Extended phenotypes are adaptations expressed outside of the body of the constructor, such as birds’ nests or termites’ mounds (Dawkins 1982). ‘Extended phenotype’ is a narrower term than niche construction, because it is restricted to forms of environmental modification that are biological adaptations.
In contrast, niche construction theory emphasizes that niche construction also incorporates evolutionary by-products that trigger evolutionary episodes. This is vital, since in ecosystems the ecological and evolutionary consequences that flow from niche-constructing by-products are likely to be as substantial as those flowing from niche-constructing adaptations.
Extended phenotypes also exclude aspects of niche construction that depend on acquired knowledge, for instance, human cultural processes. This is an important limitation for scholars of anthropogenic change, since very little human niche construction can accurately be characterized as a biological adaptation.
Finally, the environmental modifications produced by niche-constructing organisms, such as beaver’s dams or termite mounds, may persist through repetition and reconstruction for longer than the individual constructors, and may continue to modulate the impact of these effects on subsequent generations of the same or other populations, a legacy described as an ‘ecological inheritance’.
Theoretical models have shown that niche-constructing by-products, cultural niche construction and ecological inheritance can all strongly affects evolutionary dynamics (Laland et al 1999, 2001; Lehmann 2007, 2008; Creanza & Feldman, 2014).
Further distinctions between niche construction and the extended phenotype are discussed here.
Over-and-above the aforementioned distinctions, niche construction theory differs from the study of ecosystem engineering, eco-evolutionary dynamics, and the extended phenotype in suggesting that niche construction is an evolutionary process.
Niche construction theory emphasizes how niche construction can scale up across individuals in populations and over time to generate stable and directional modification of environmental components. As a result, niche construction generates consistent and sustained forms of natural selection, and thereby imposes biases on evolution (Laland et al, 2015).
Niche construction theory can be viewed as part of a wider movement that embraces a broader conception of evolutionary causation. For further discussion, see Niche construction and the EES.

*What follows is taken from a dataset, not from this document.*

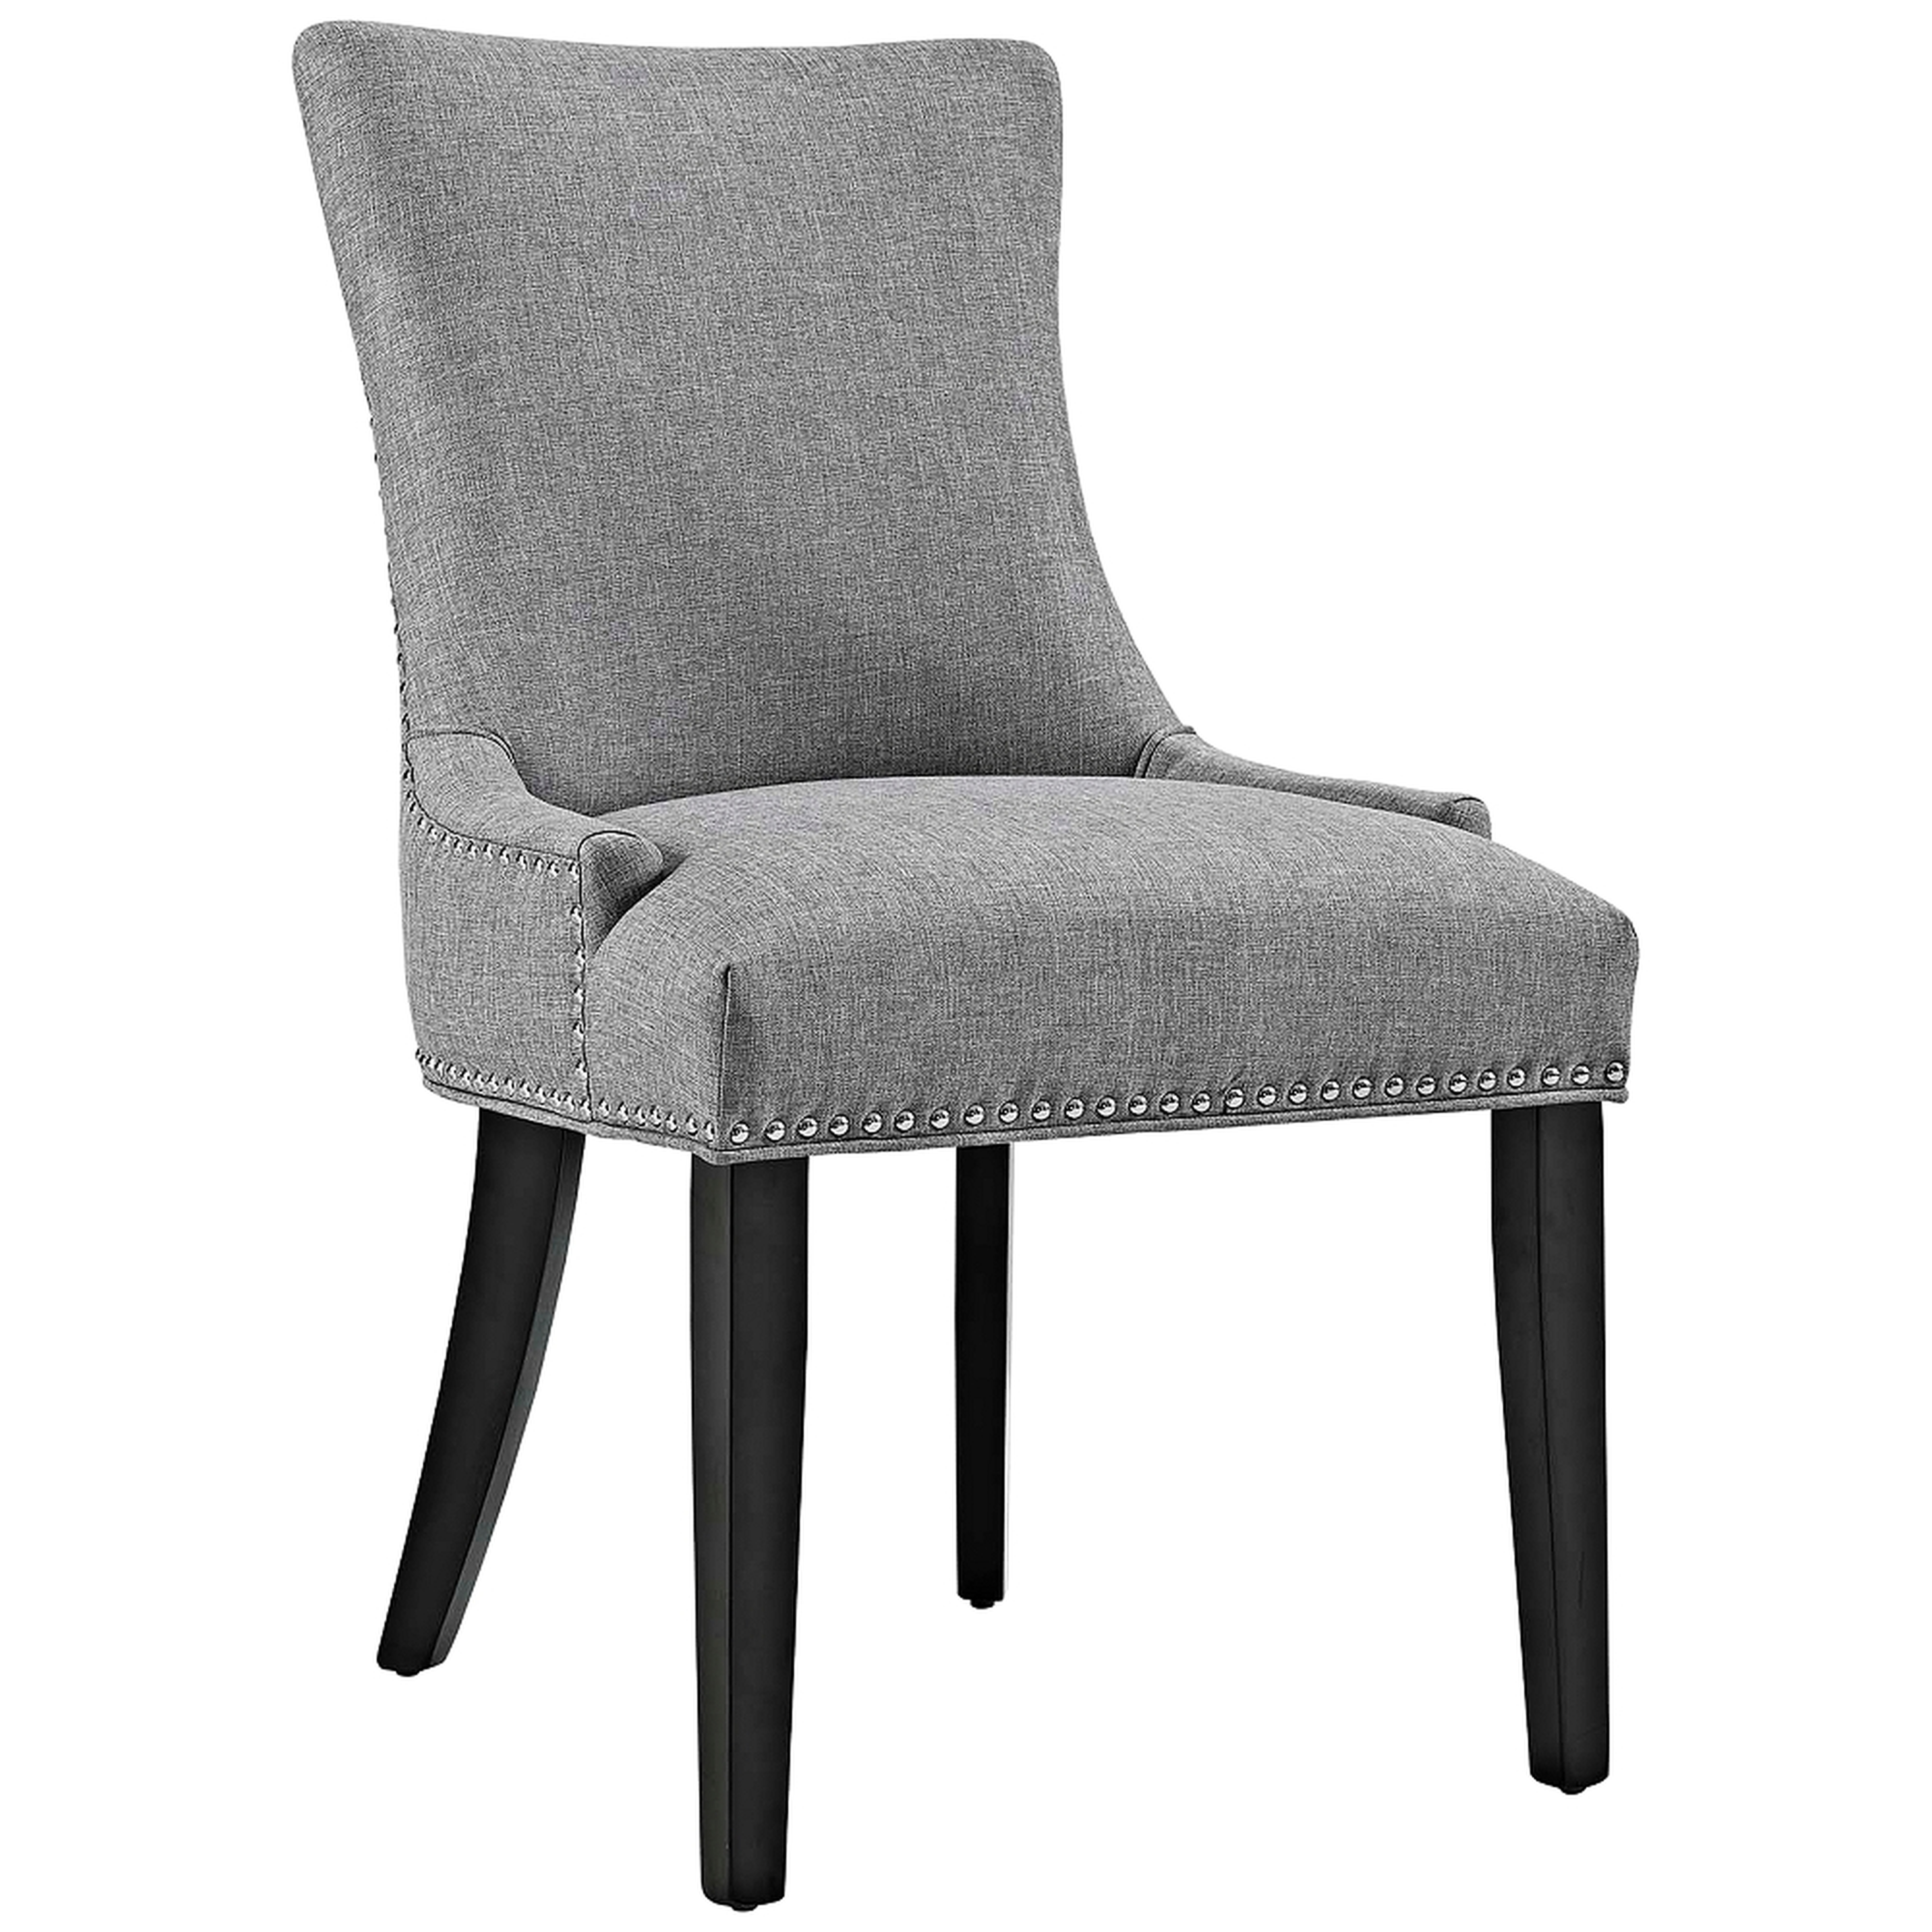 Marquis Light Gray Fabric Dining Chair - Style # 33T48 - Lamps Plus

Schrödinger E. 1944/2012. What is Life? With Mind and Matter and Autobiographical Sketches. Cambridge University Press: Cambridge UK. This accessible essay illustrates how Schrodinger was a pioneer of the niche constructive perspective.

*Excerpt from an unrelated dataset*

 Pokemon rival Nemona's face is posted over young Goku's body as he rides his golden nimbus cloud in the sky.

Waddington CH. 1959 Evolutionary systems – animal and human. Nature 183:1634-1638. Waddington was ahead of his time in recognizing the importance of niche construction (which he called the ‘exploitative system’) for the evolutionary process.
Lewontin R. 1983. Gene, organism, and environment. In Evolution: From Molecules to Men, ed DS Bendall, pp. 273–85. Cambridge: Cambridge University Press. This accessible essay introduces the niche construction perspective and critiques conventional evolutionary approaches to adaptation.
Odling-Smee, F.J. Niche constructing phenotypes. In. H.C. Plotkin, ed., The Role of Behavior in Evolution, 73-132. Cambridge: MIT Press. Here Odling-Smee first makes the argument that niche construction should be recognized as an evolutionary process, and introduces the concept of ‘ecological inheritance.’